*ASSIGNMENT*:
From the material below, return exactly the lines starting at the one that holds "Capucines leather handbag" and ending at the one that holds "Still of Cruella". Pictures stay out of the answer.

*SUPPLIED ENTRIES*:

★ ★ ★ ★ ★ ★ ★

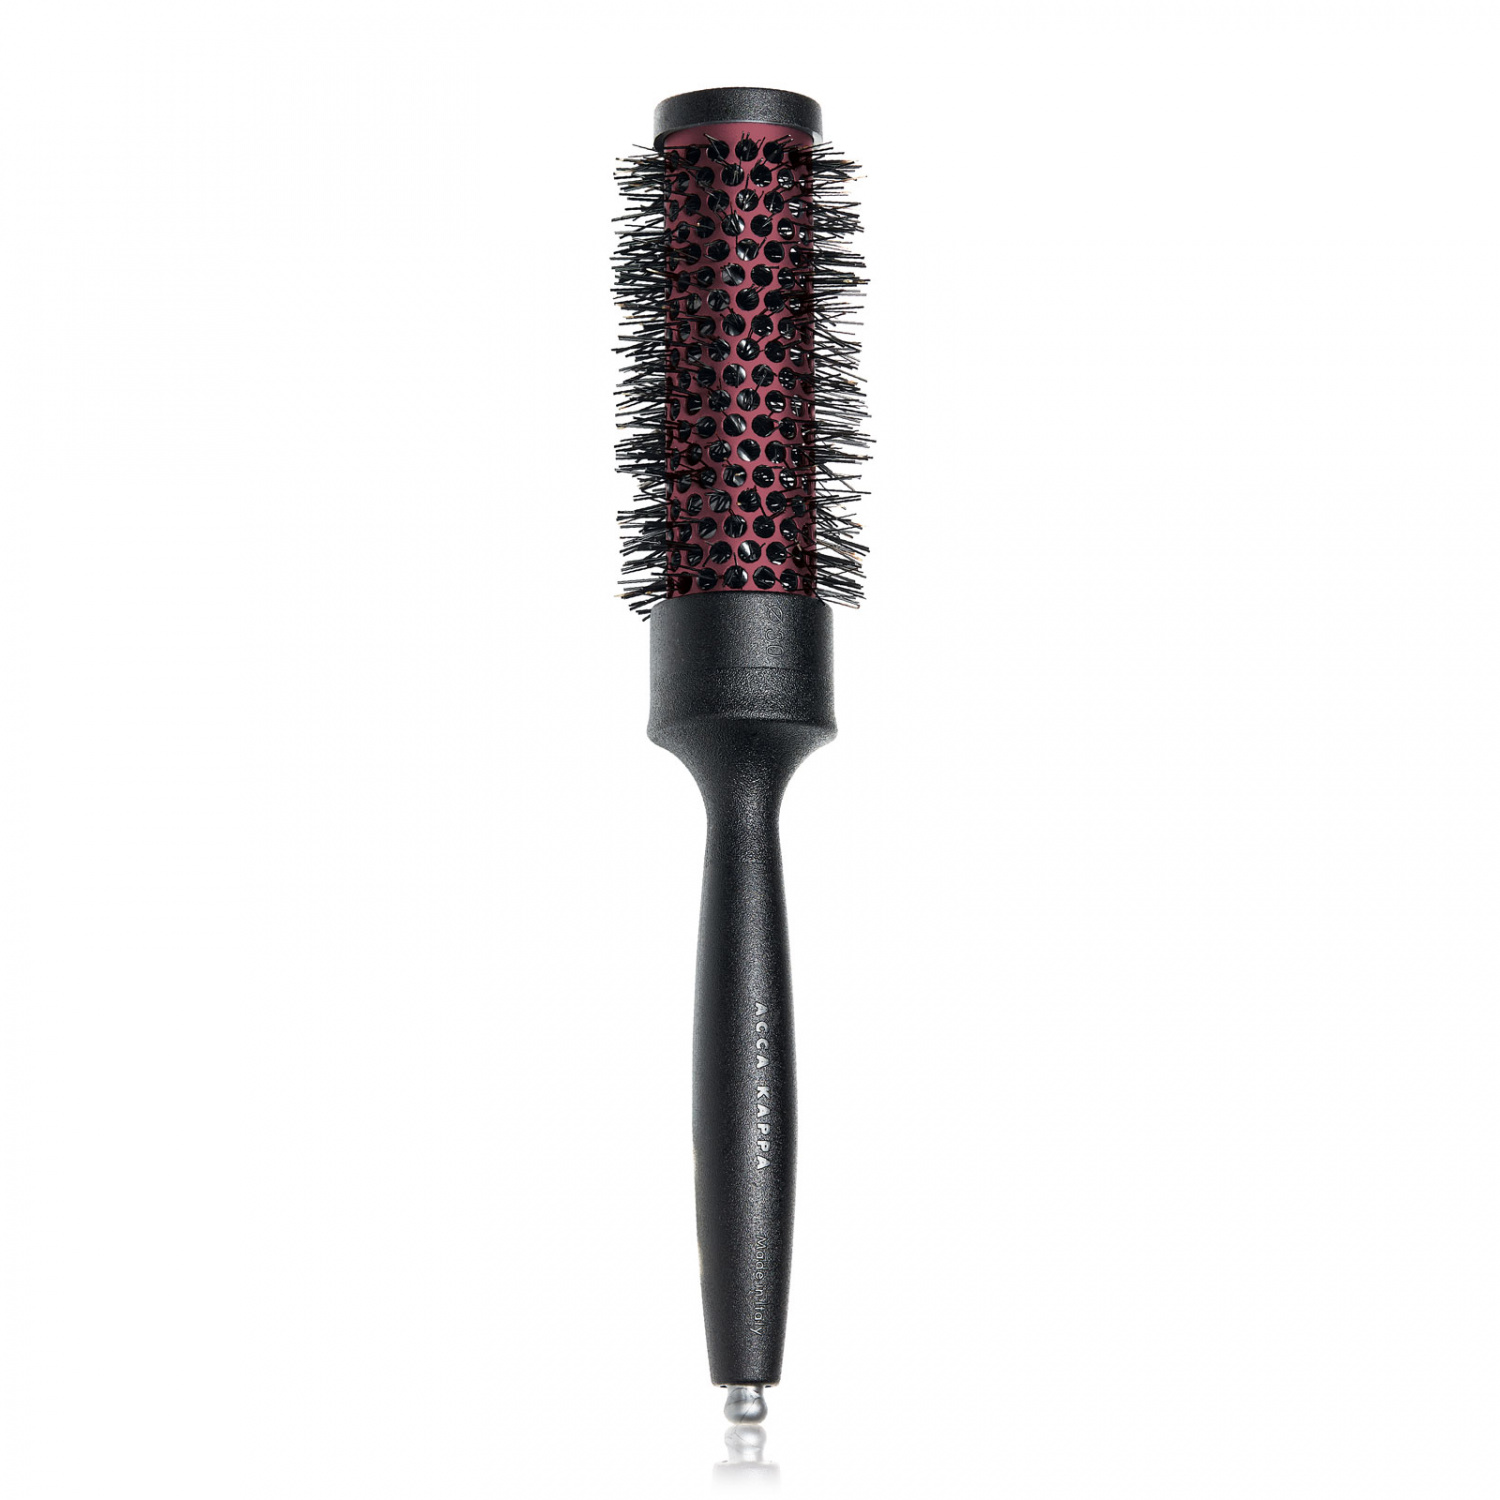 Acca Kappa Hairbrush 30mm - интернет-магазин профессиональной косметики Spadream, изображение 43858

★ ★ ★ ★ ★ ★ ★

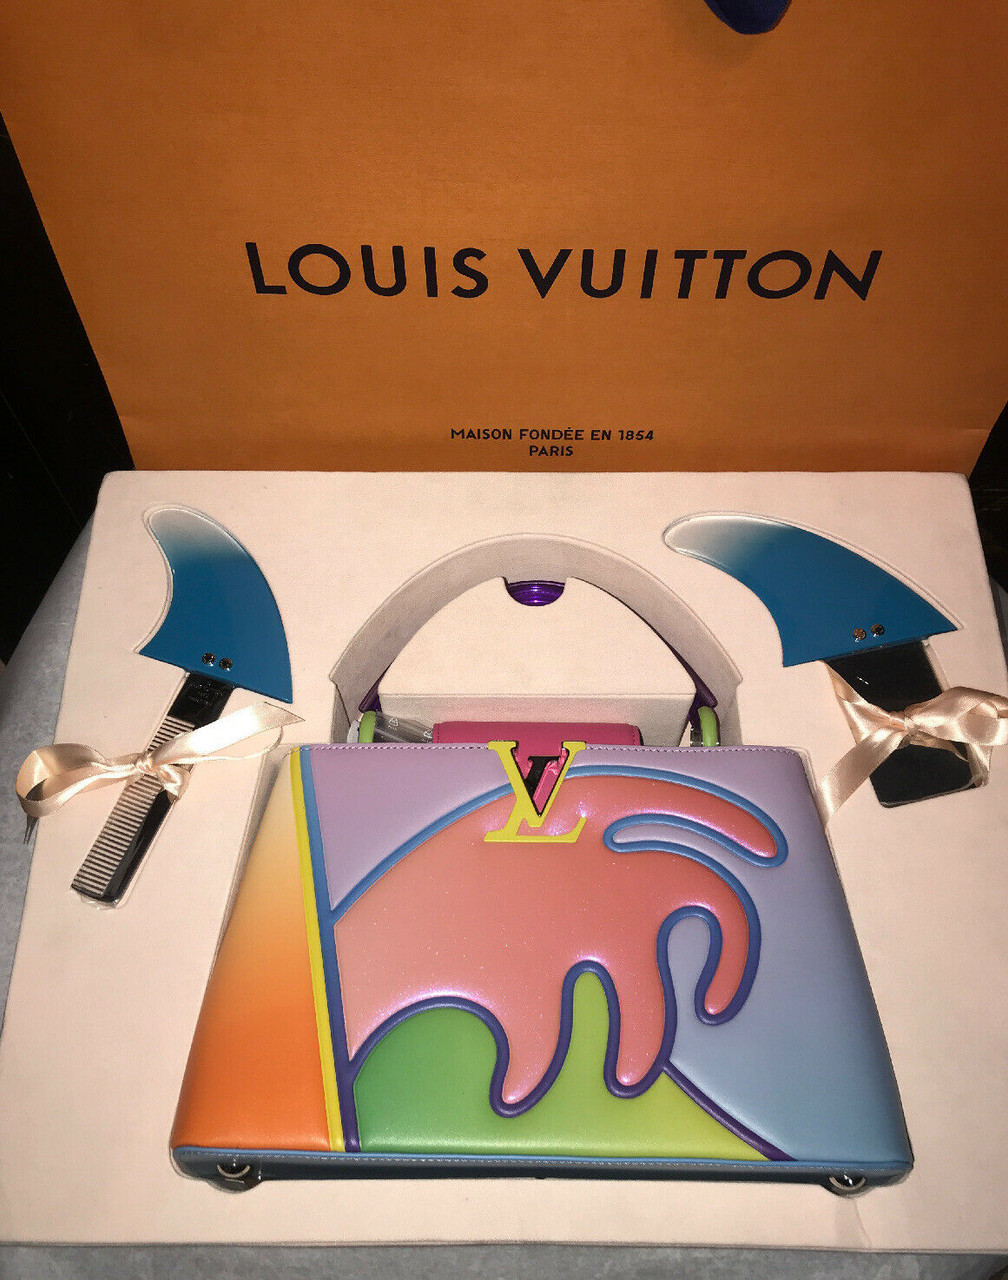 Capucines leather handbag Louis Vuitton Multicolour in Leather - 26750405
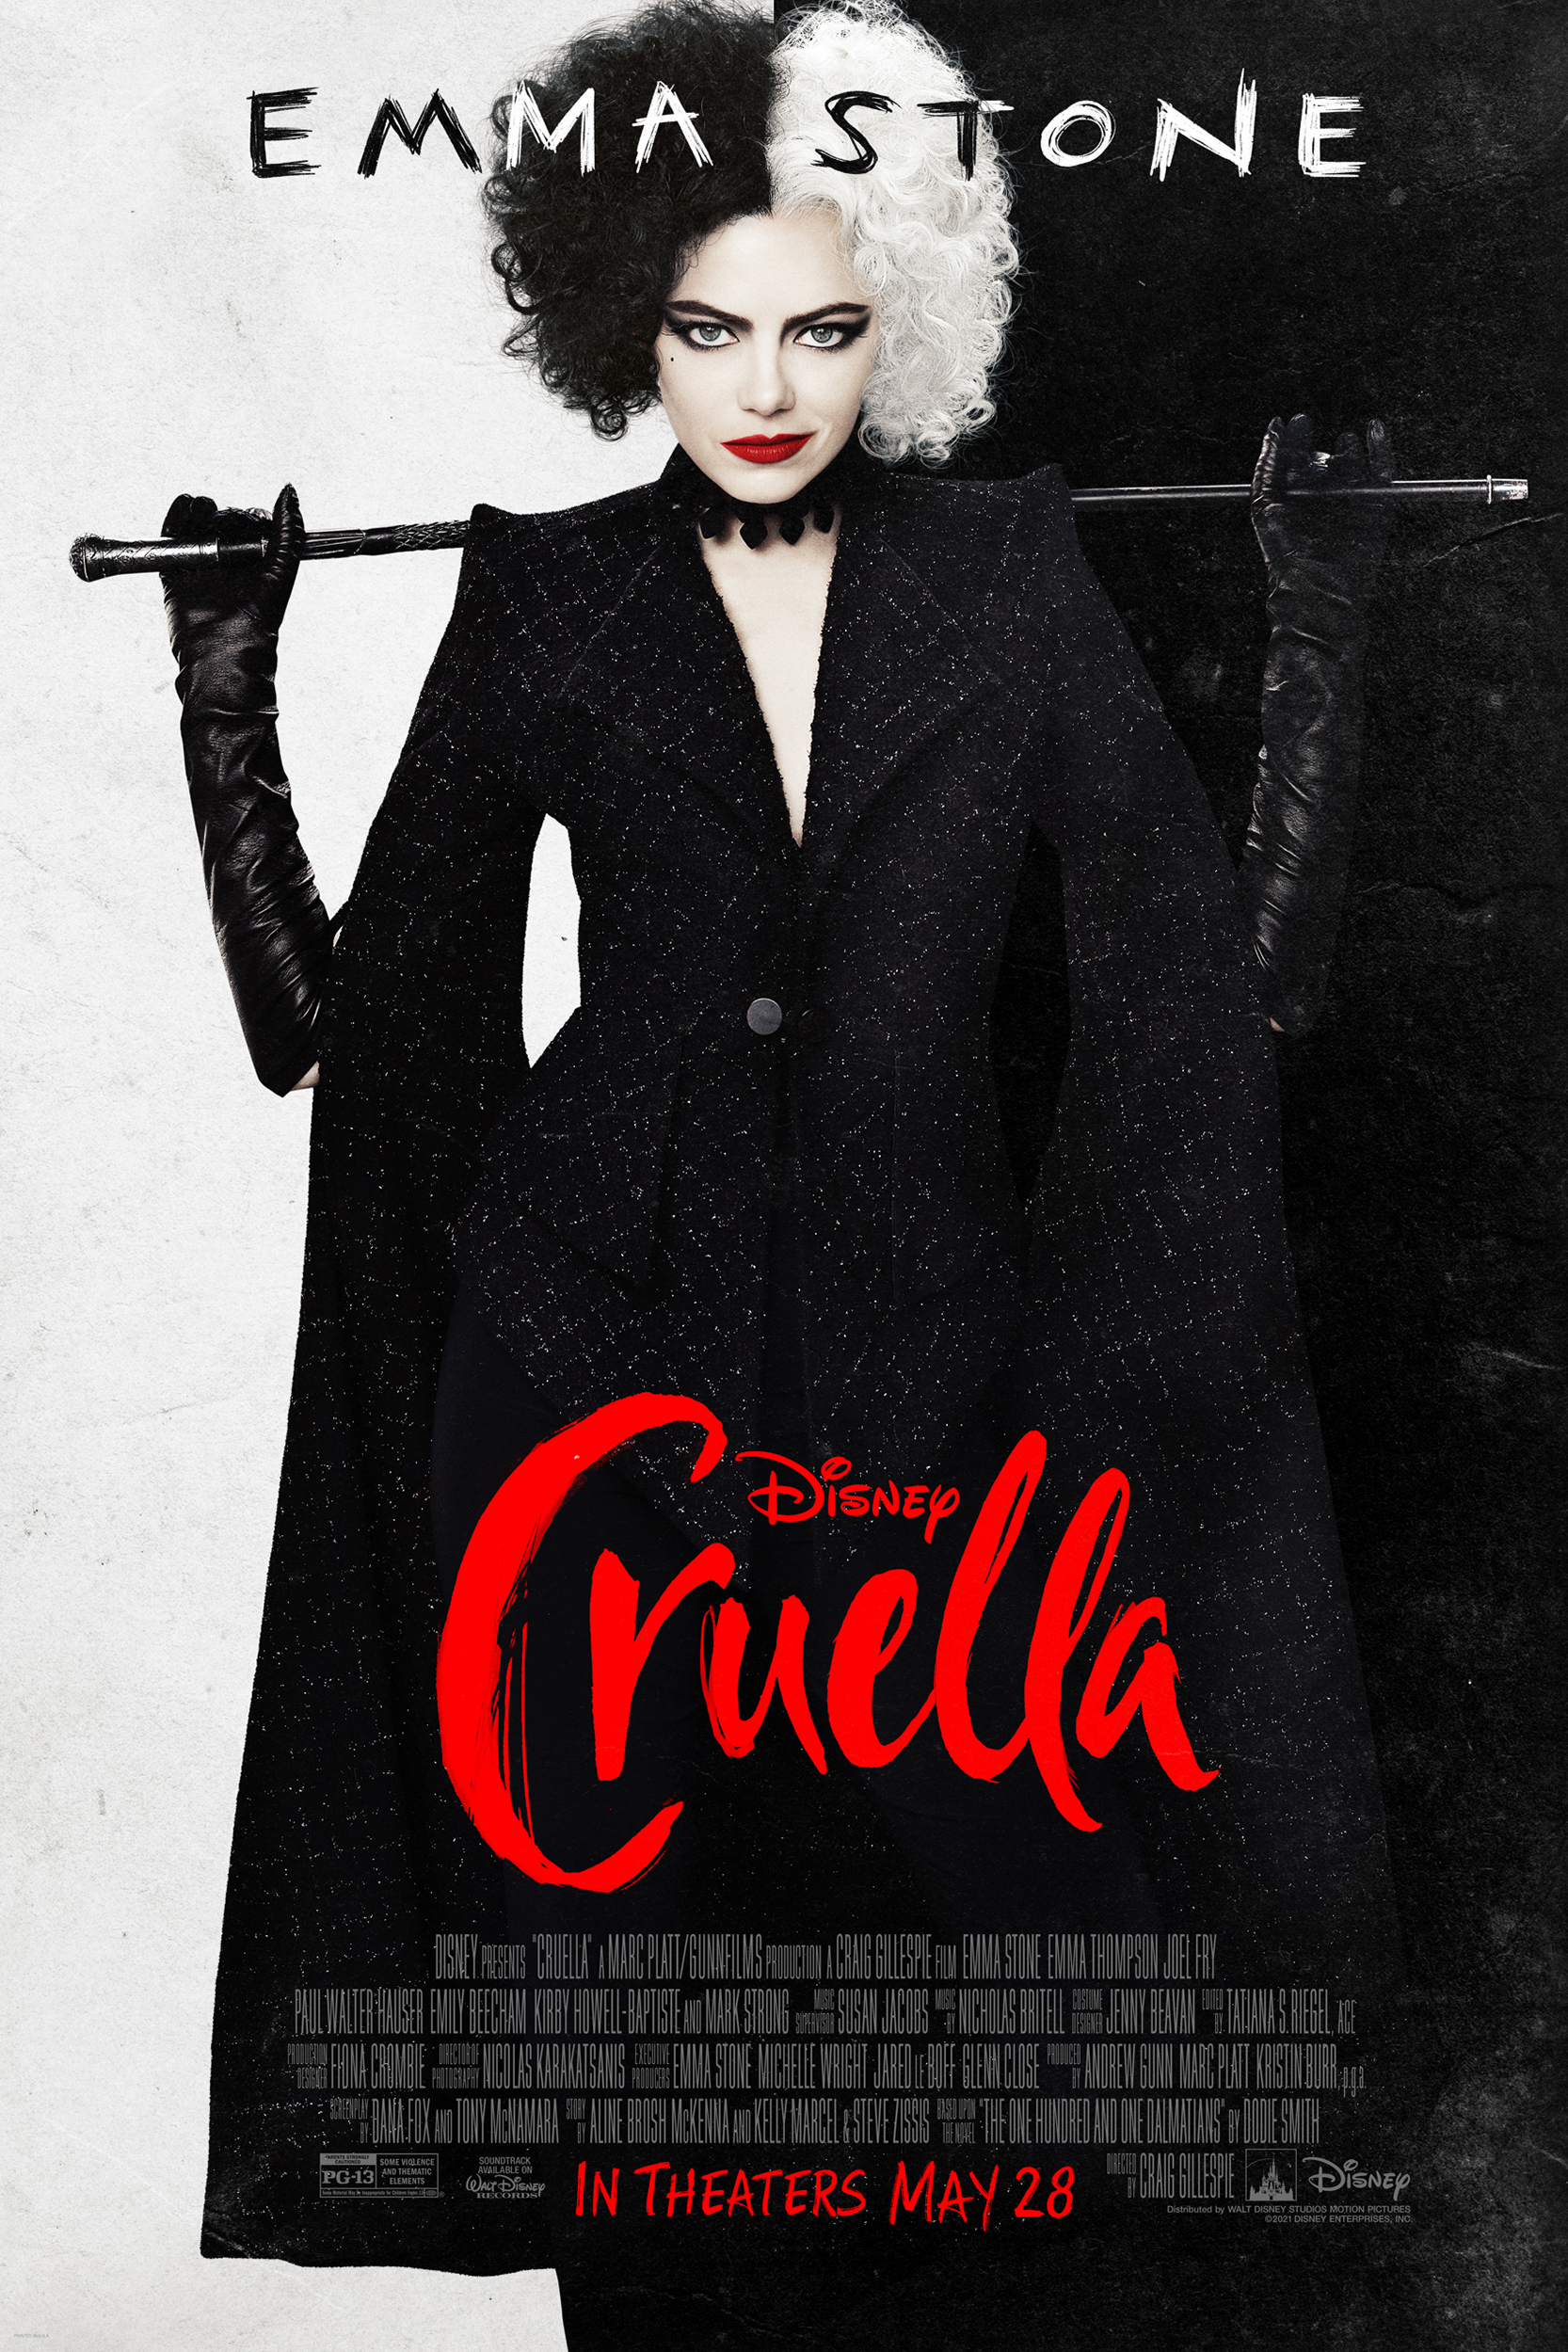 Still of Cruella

★ ★ ★ ★ ★ ★ ★

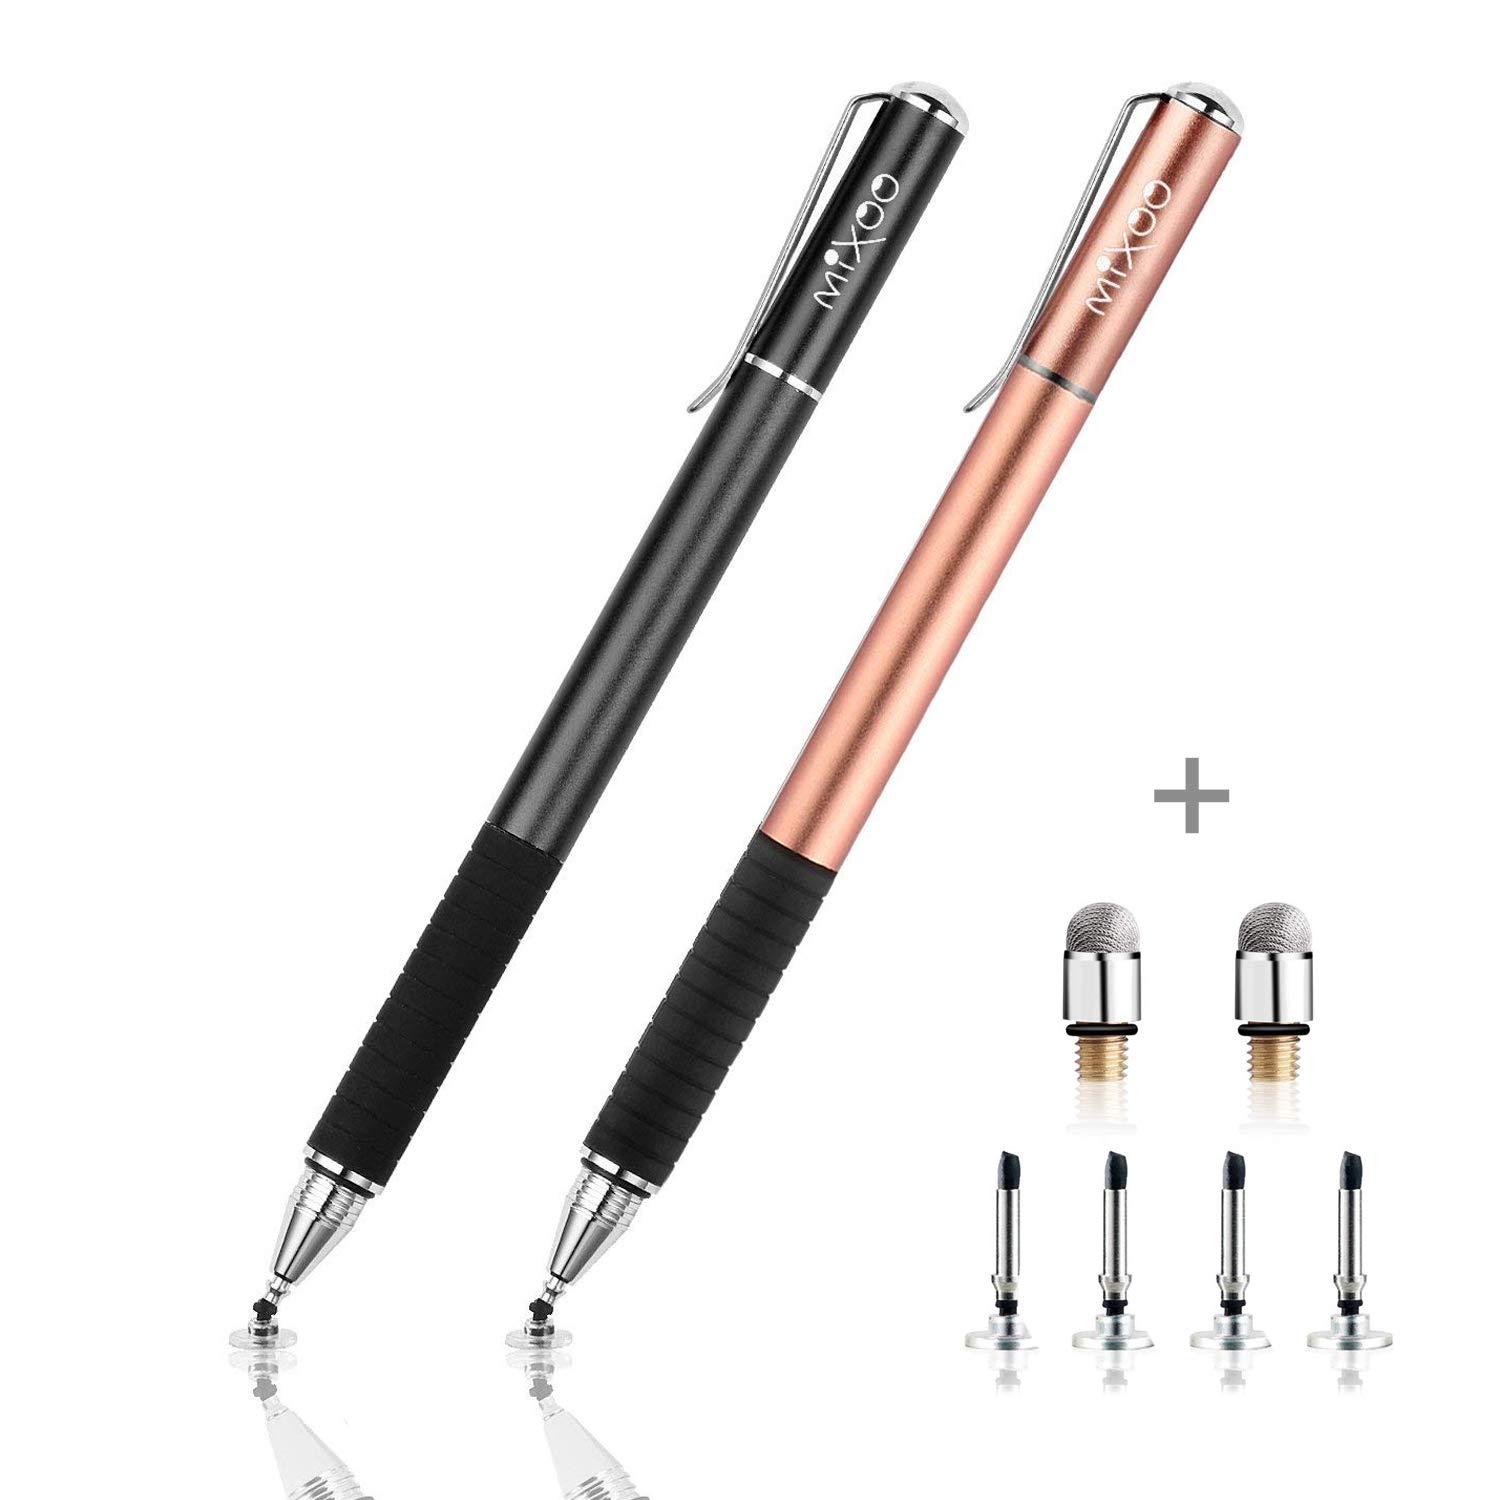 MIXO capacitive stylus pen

★ ★ ★ ★ ★ ★ ★

*RESPONSE AREA*:
 Capucines leather handbag Louis Vuitton Multicolour in Leather - 26750405
 Still of Cruella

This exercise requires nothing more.